§ REQUIRED ACTION:
Once the pictures are removed, reproduce what is left of the data below exactly.

RECORDED INFORMATION below:

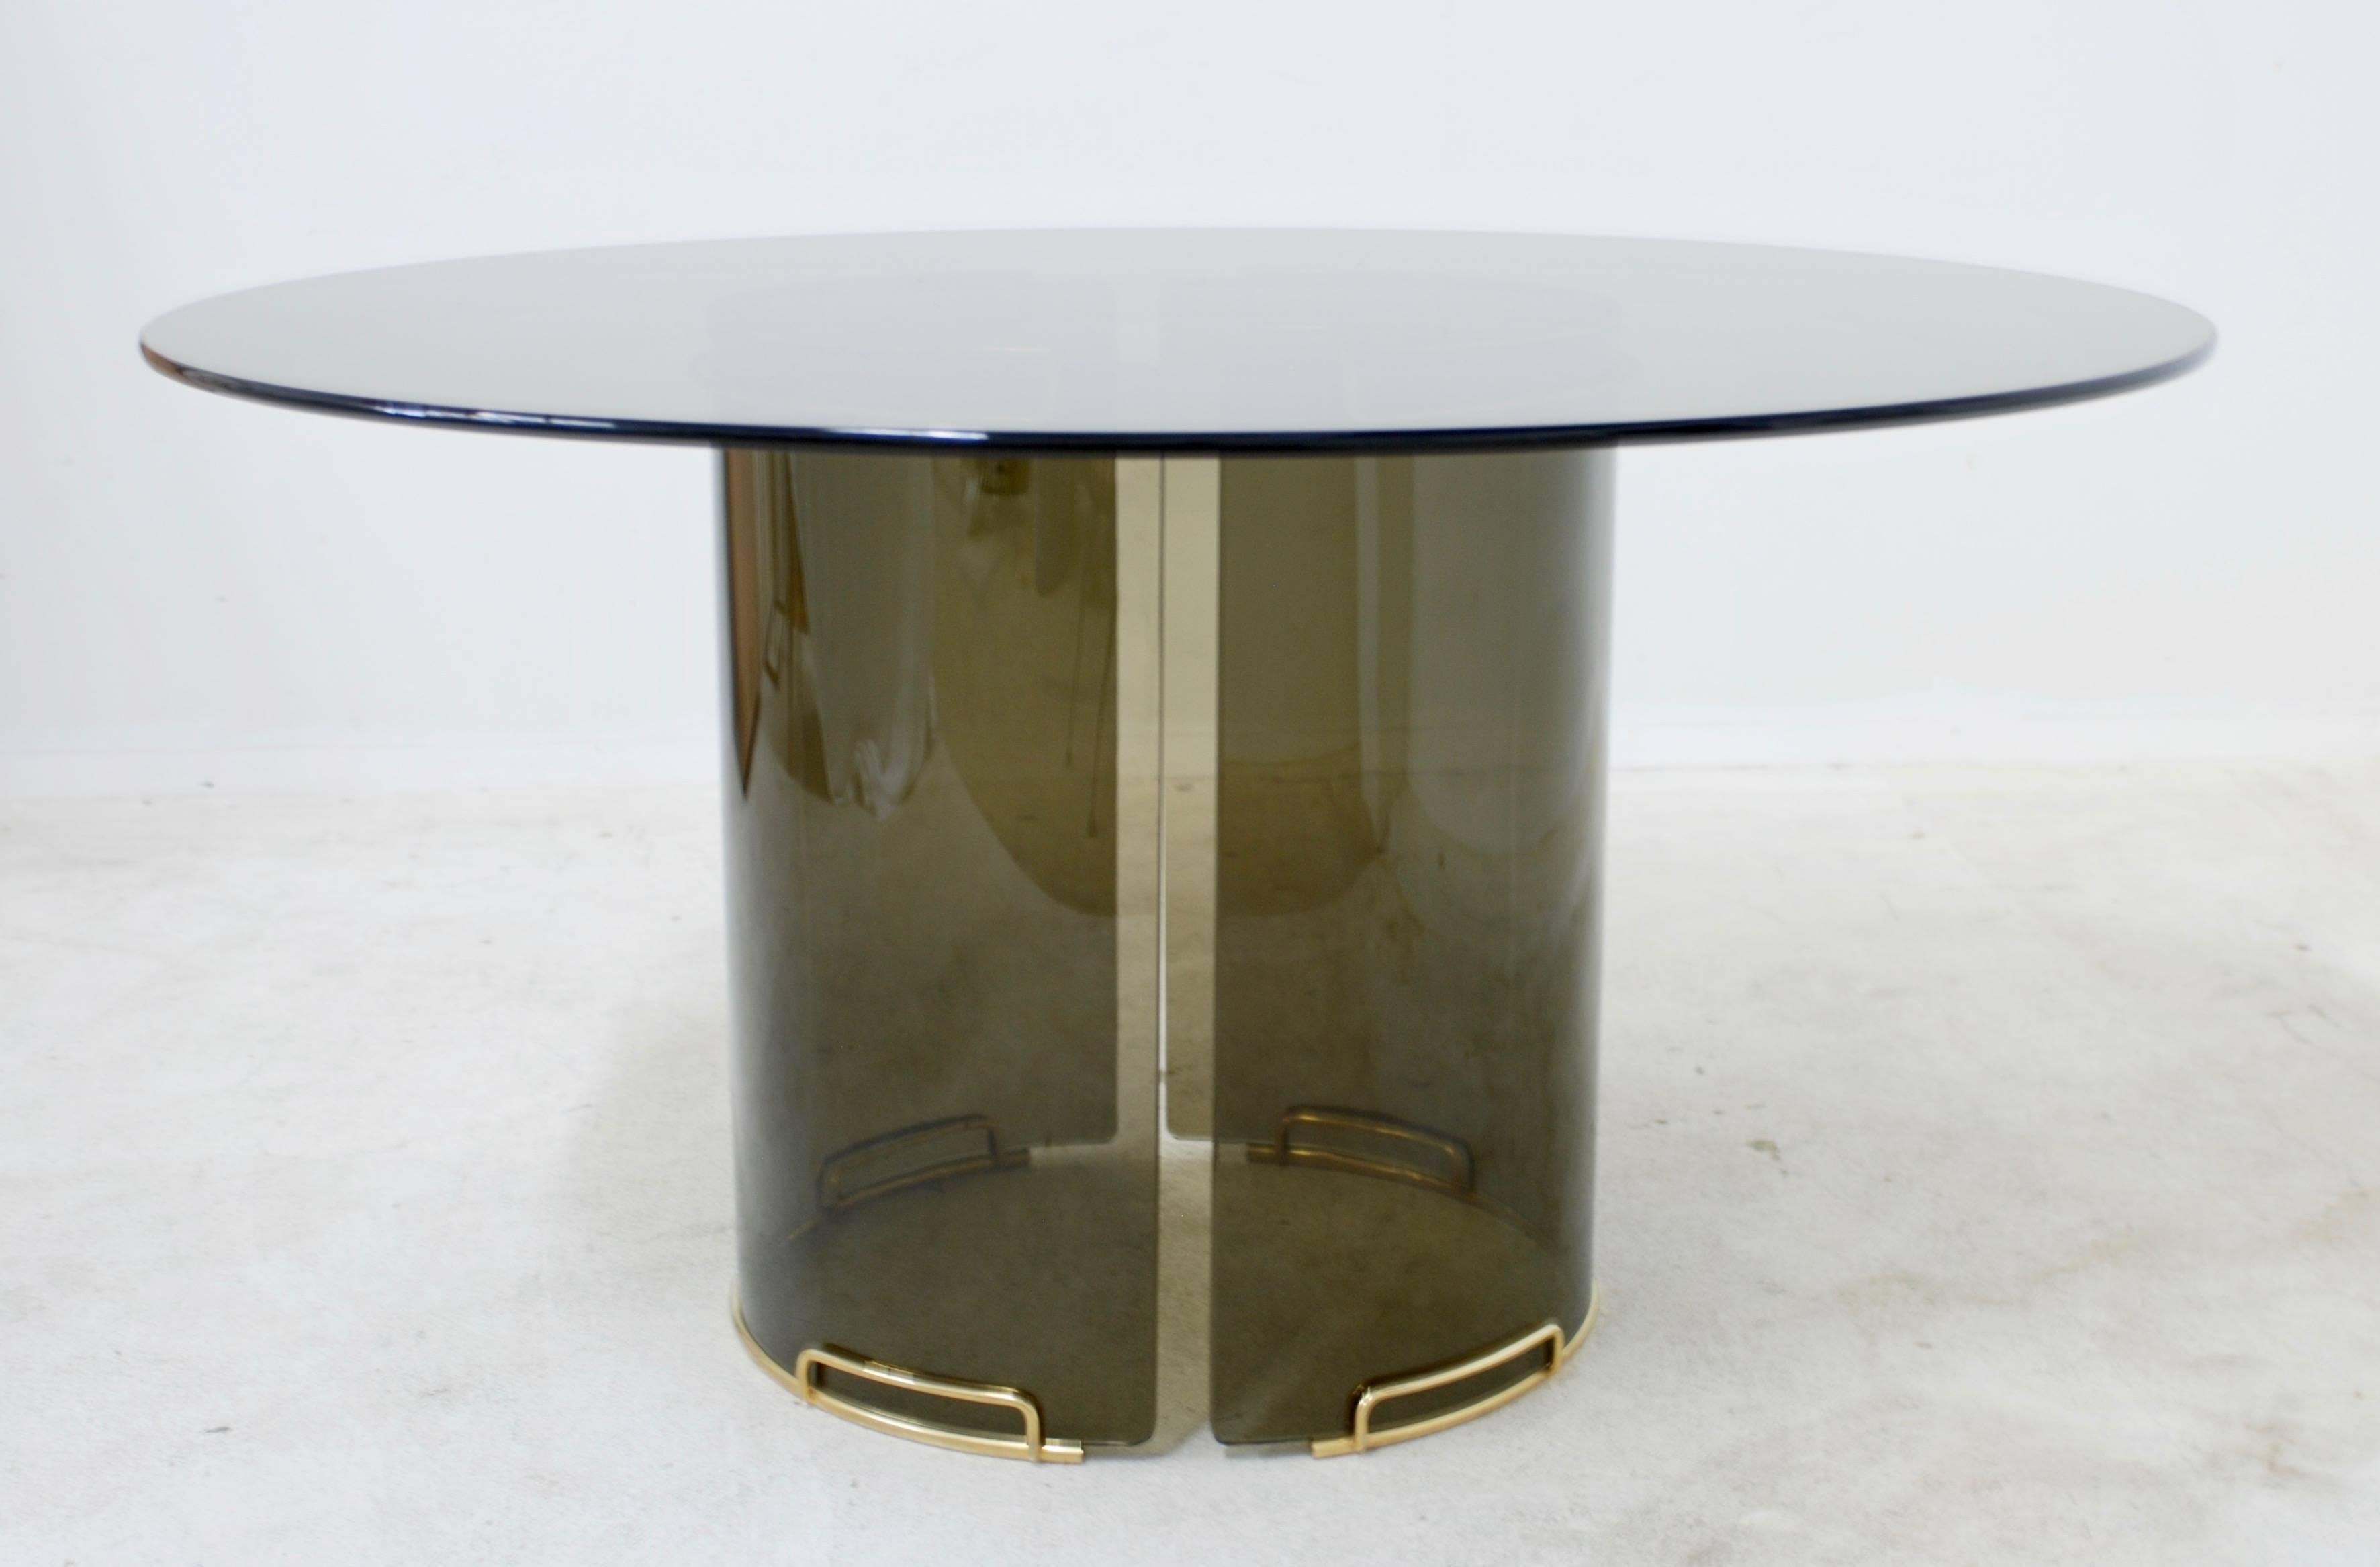 An Italian style 1970s round smoky gray glass dining table which could possibly be the work of Fontana Arte. The base is made of two pieces of curved glass that have chic brass fittings on the base and top. The bases measure 28.25
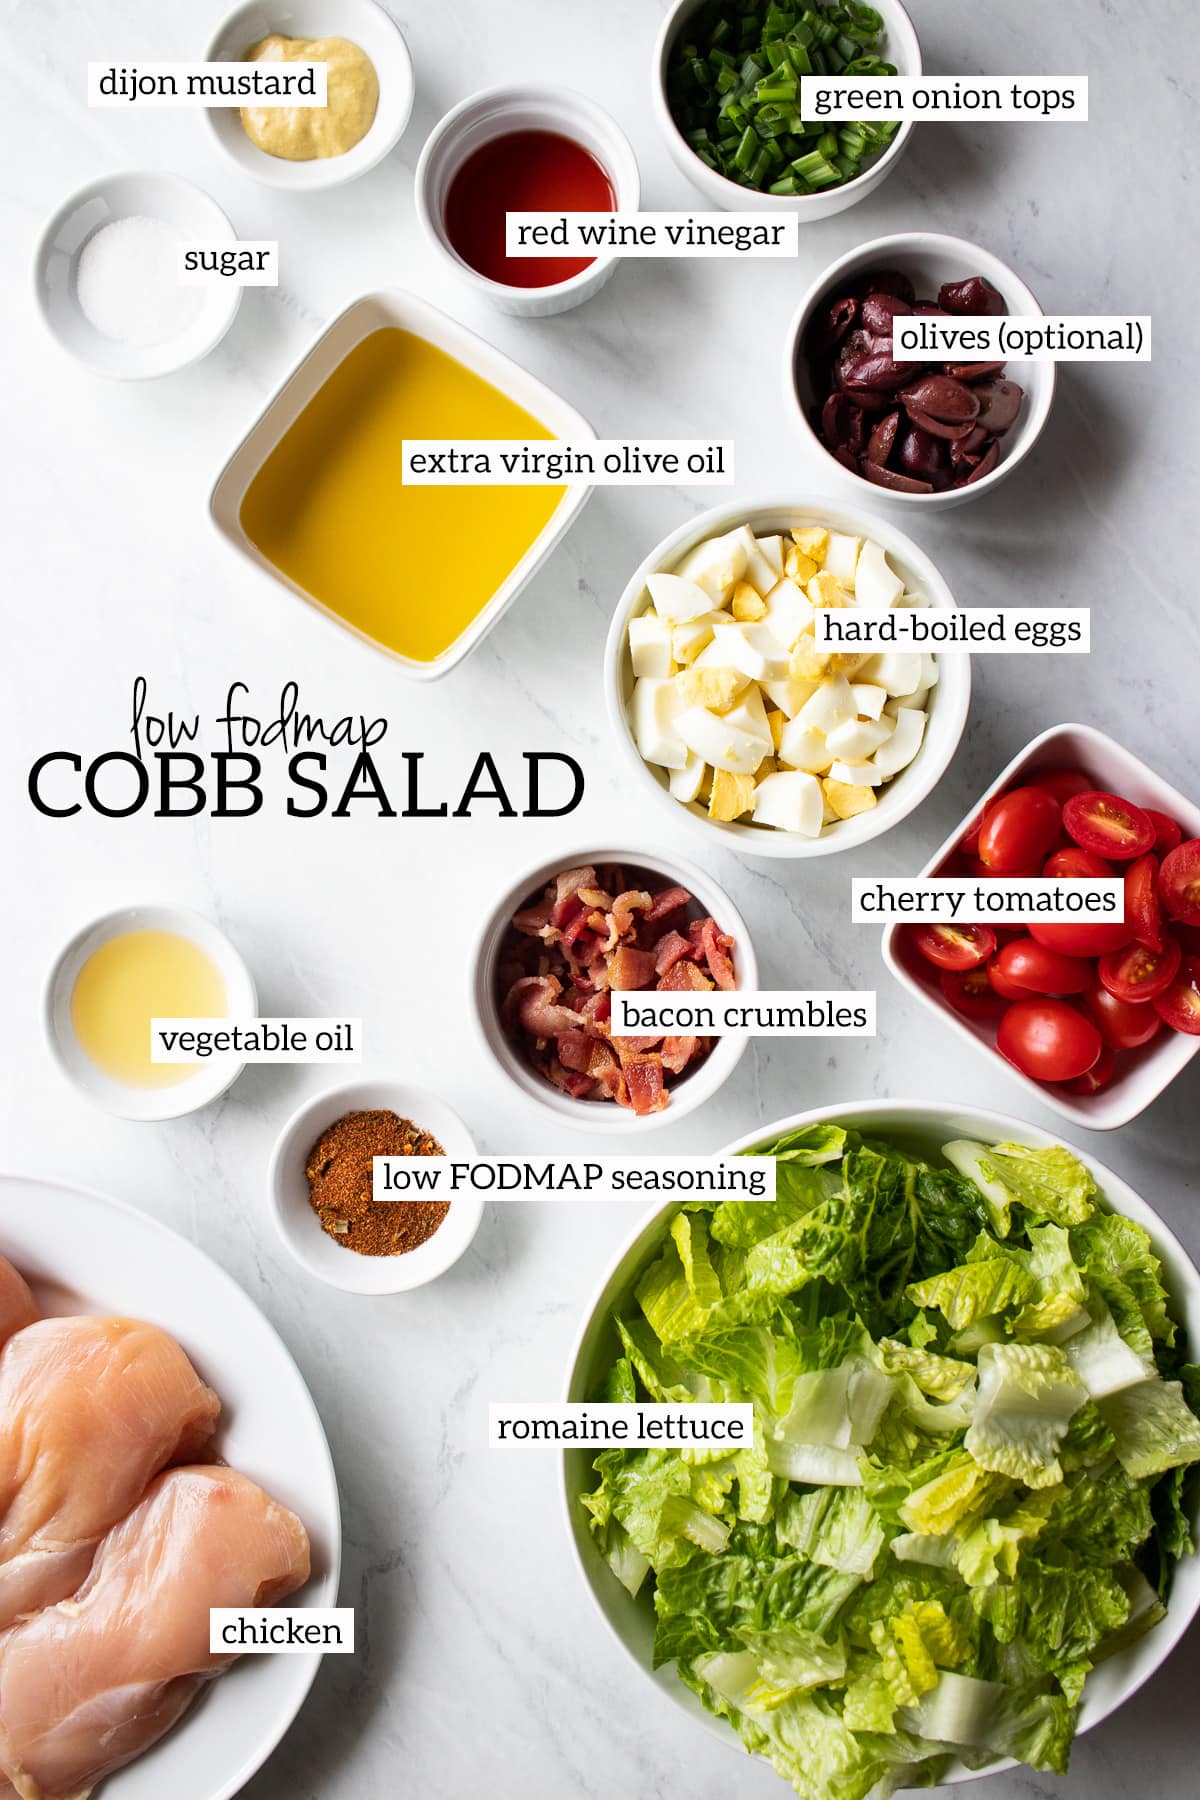 Ingredients needed for Low FODMAP Cobb Salad are measured out into individual white dishes.
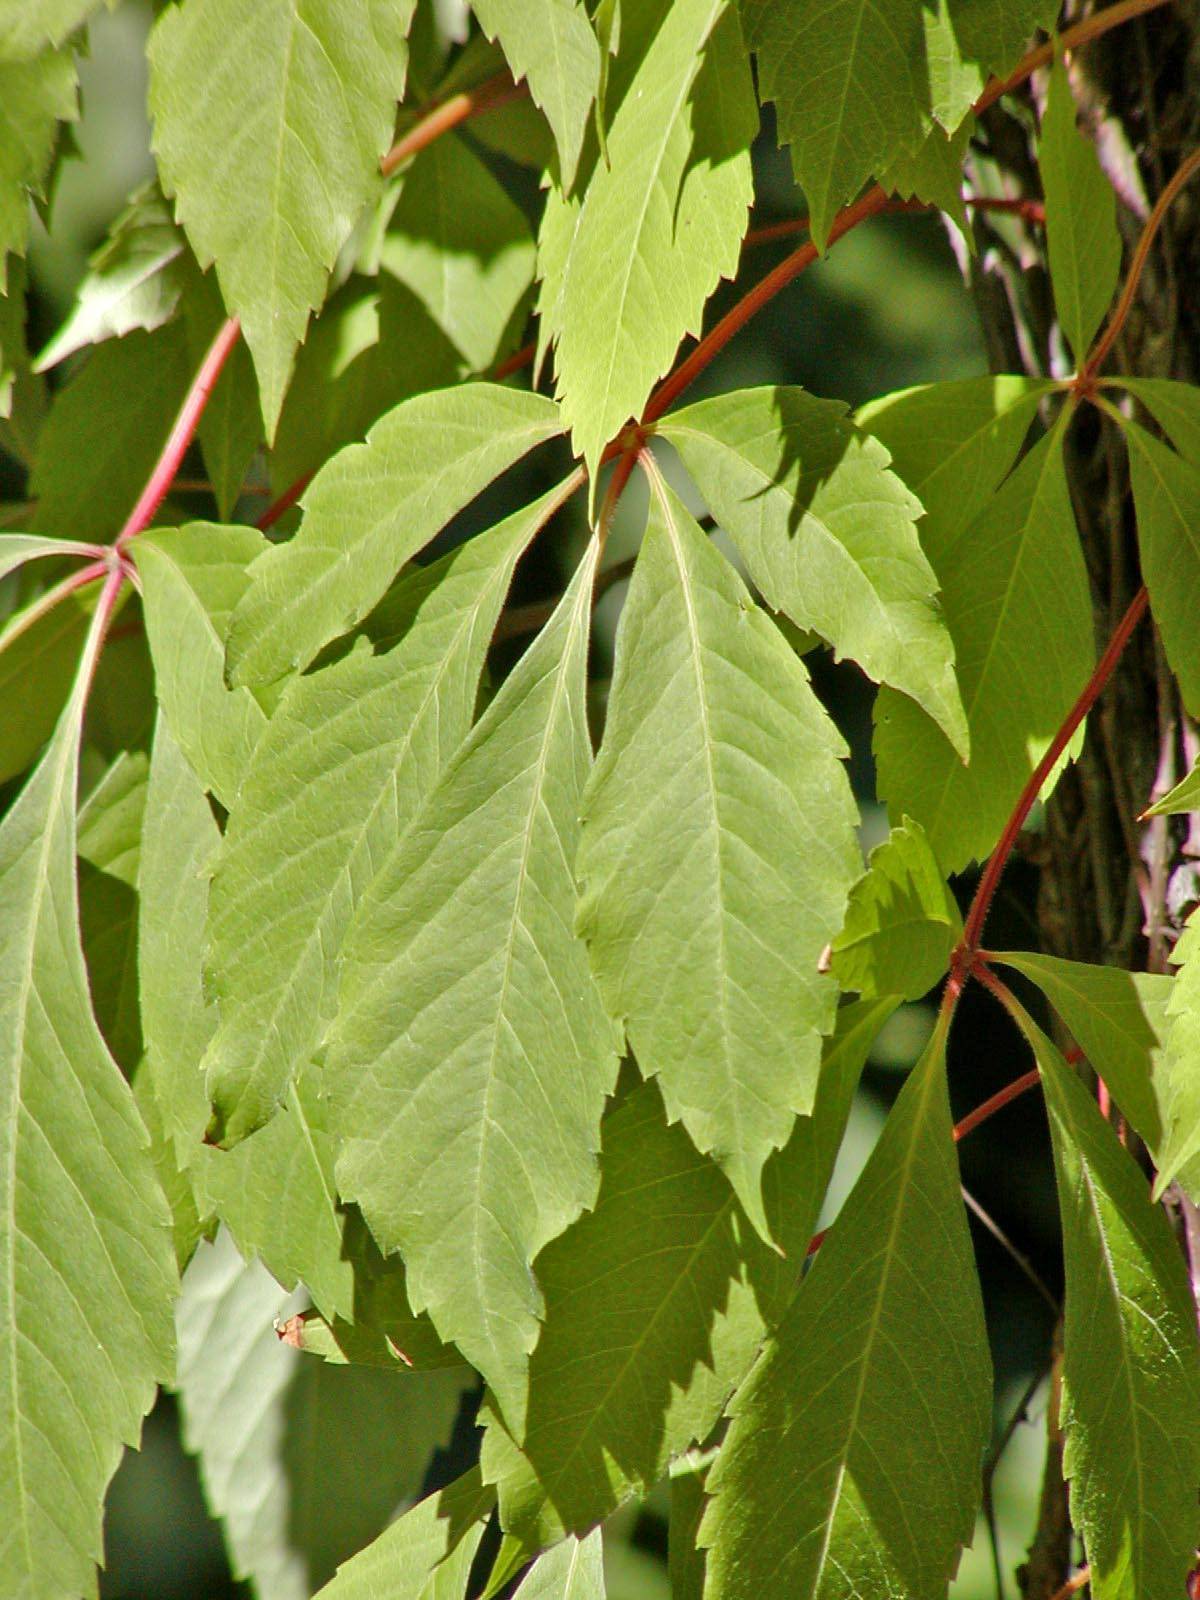 ovate, green, serrated leaves with red, feathery stems

End of RECORDED INFORMATION.

§ RESULT OF THIS TASK:
 An Italian style 1970s round smoky gray glass dining table which could possibly be the work of Fontana Arte. The base is made of two pieces of curved glass that have chic brass fittings on the base and top. The bases measure 28.25
 Ingredients needed for Low FODMAP Cobb Salad are measured out into individual white dishes.
 ovate, green, serrated leaves with red, feathery stems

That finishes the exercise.